The fact table was partitioned by year and month to scale up better if necessary.

#### Step 5: Complete Project Write Up

##### Target Audience

* Students learning data pipeline concepts.
* Data professionals to practice their skills.

##### Some example questions

* Which state receives the most new immigrants?
* How do they arrive (Air, sea, etc)?
* What kind of visa do they have (students, pleasure, etc)?

##### Tools and Technologies

* Pandas:  Exploratory data analysis.
* Pyspark: distributed data processing framework.
* Parquet: Highly distributed data format.

##### Data update frequency

* We can update our fact table montly because our table was partitioned by year and month. The other tables are rarely changed, so we can update them once a year.

##### Some scenarios

* The data was increased by 100x.

 We can migrate our local datalake to AWS S3 and our data pipeline to AWS EMR.

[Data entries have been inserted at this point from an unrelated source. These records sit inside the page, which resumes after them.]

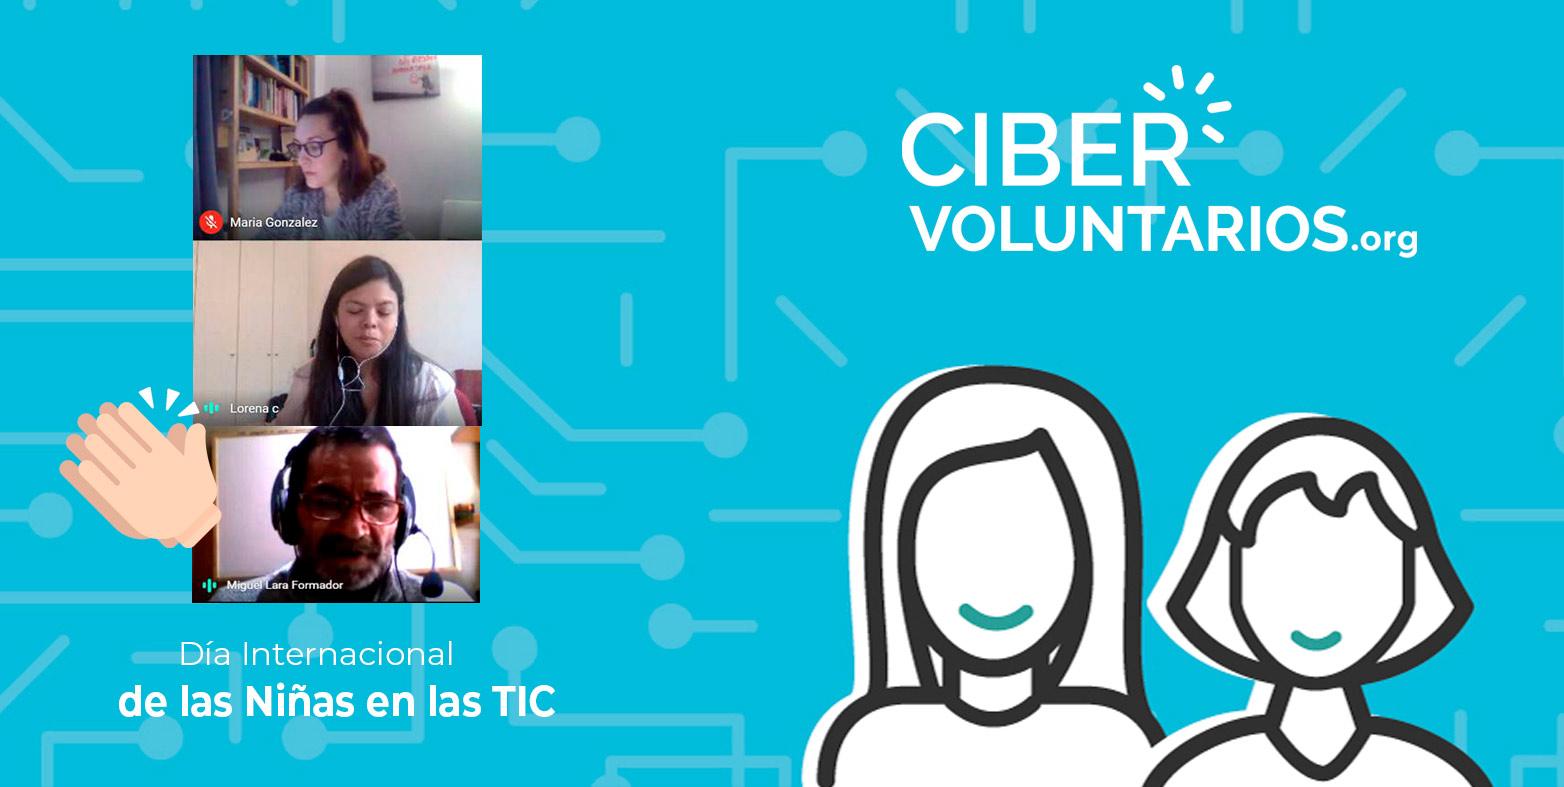 Fundación Cibervoluntarios fomenta el papel de las mujeres y niñas en las TIC
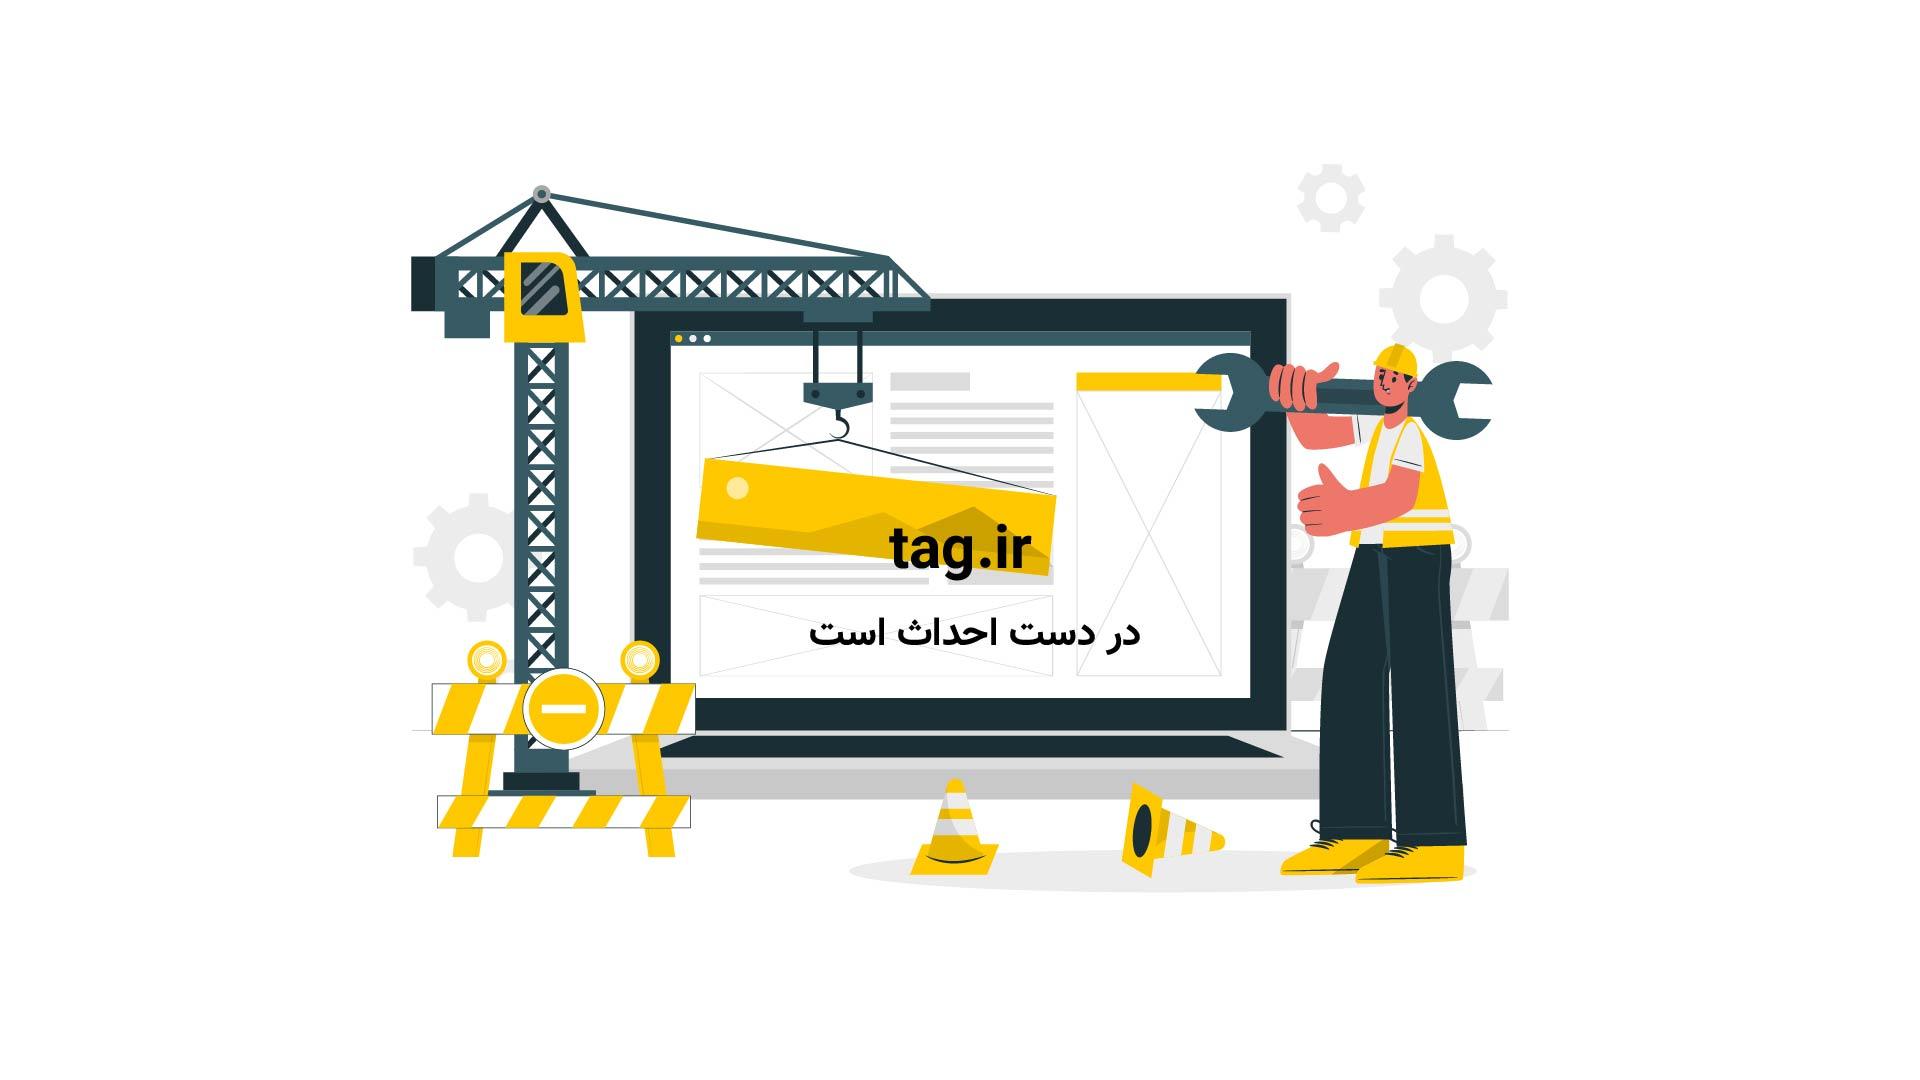 سخنرانیهای تد؛ آیا شما انسانید | فیلم
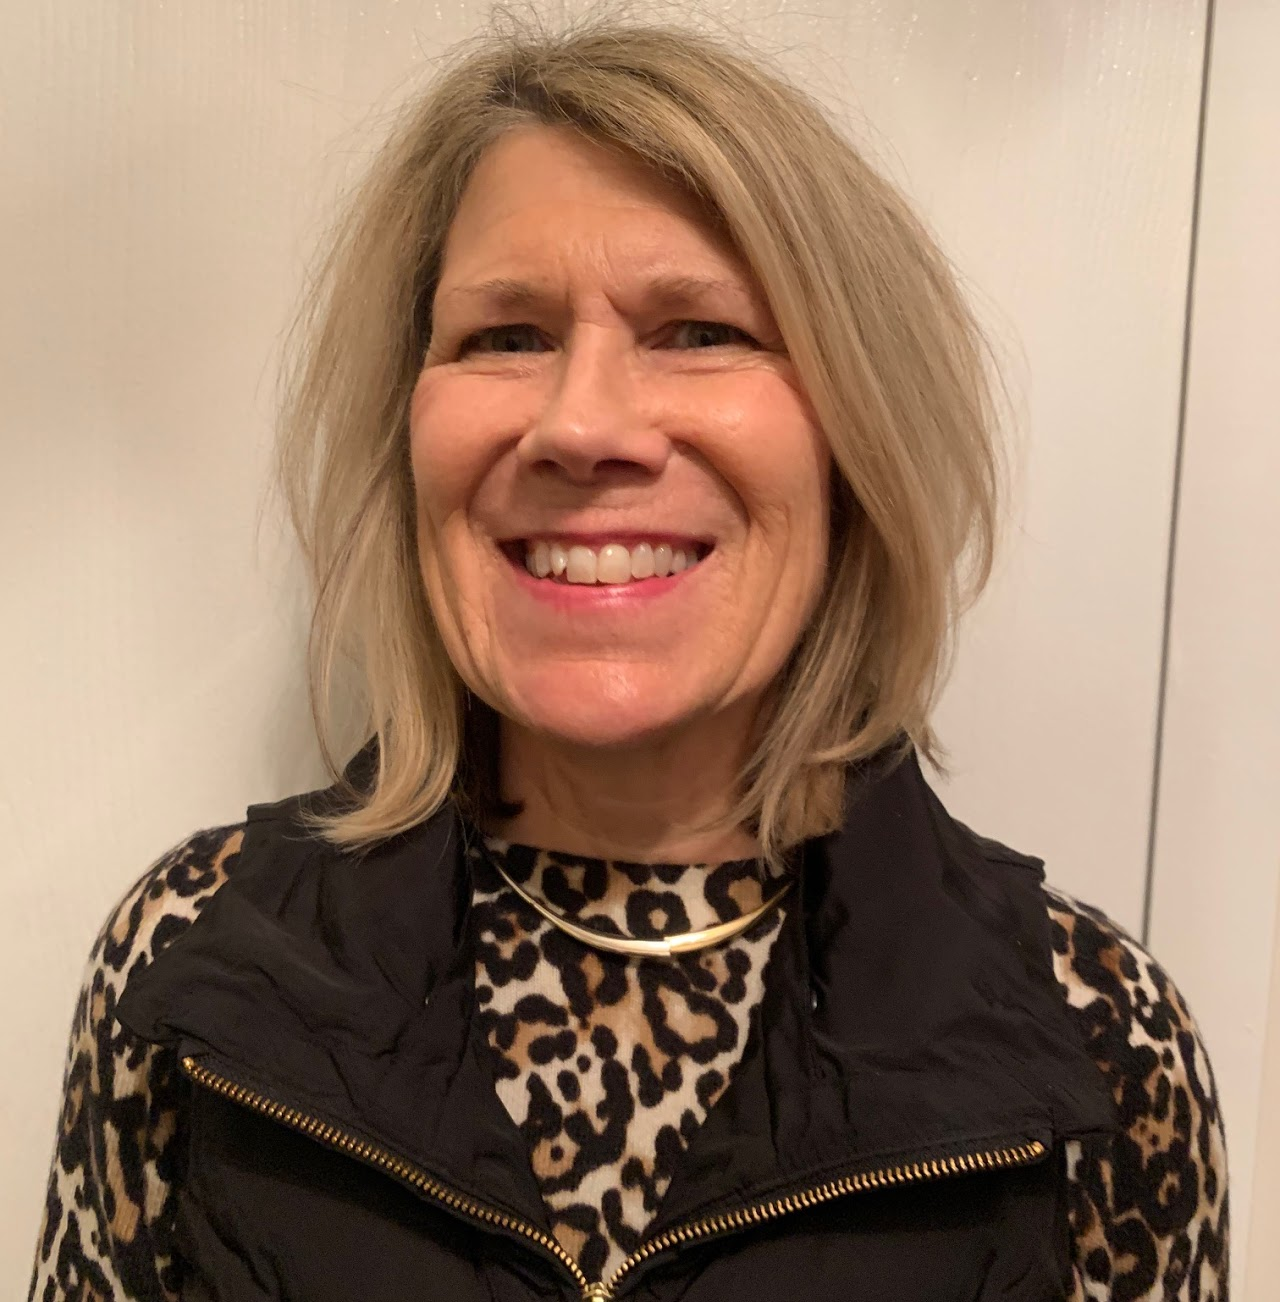 Lynn Cluskey

* The data populates a dashboard that must be updated on a daily basis by 7am every day.

 We can use Apache Airflow to schedule our data pipeline and use a SLA to check this constraint.

* The database needed to be accessed by 100+ people.

 We can create a data pipeline to migrate our S3 data lake to a RedShift instance. Redshit can handle it.

### Step 6: Answering the question: How do they arrive (Air, sea, etc)? 

In [17]:
immigration = spark.read.parquet("./datalake/immigration")
immigration.createOrReplaceTempView("immigration")

mode = spark.read.parquet("./datalake/mode")
mode.createOrReplaceTempView("mode")

spark.sql("""
    SELECT m.mode, count(*) as total 
    FROM immigration i 
    INNER JOIN mode m 
    ON i.cod_mode = m.cod_mode
    GROUP BY m.mode
    ORDER BY 2 desc
""").toPandas()

Unnamed: 0,mode,total
0,Air,2994505
1,Land,66660
2,Sea,26349
3,Not reported,8560


As expected, most immigrants came by plane.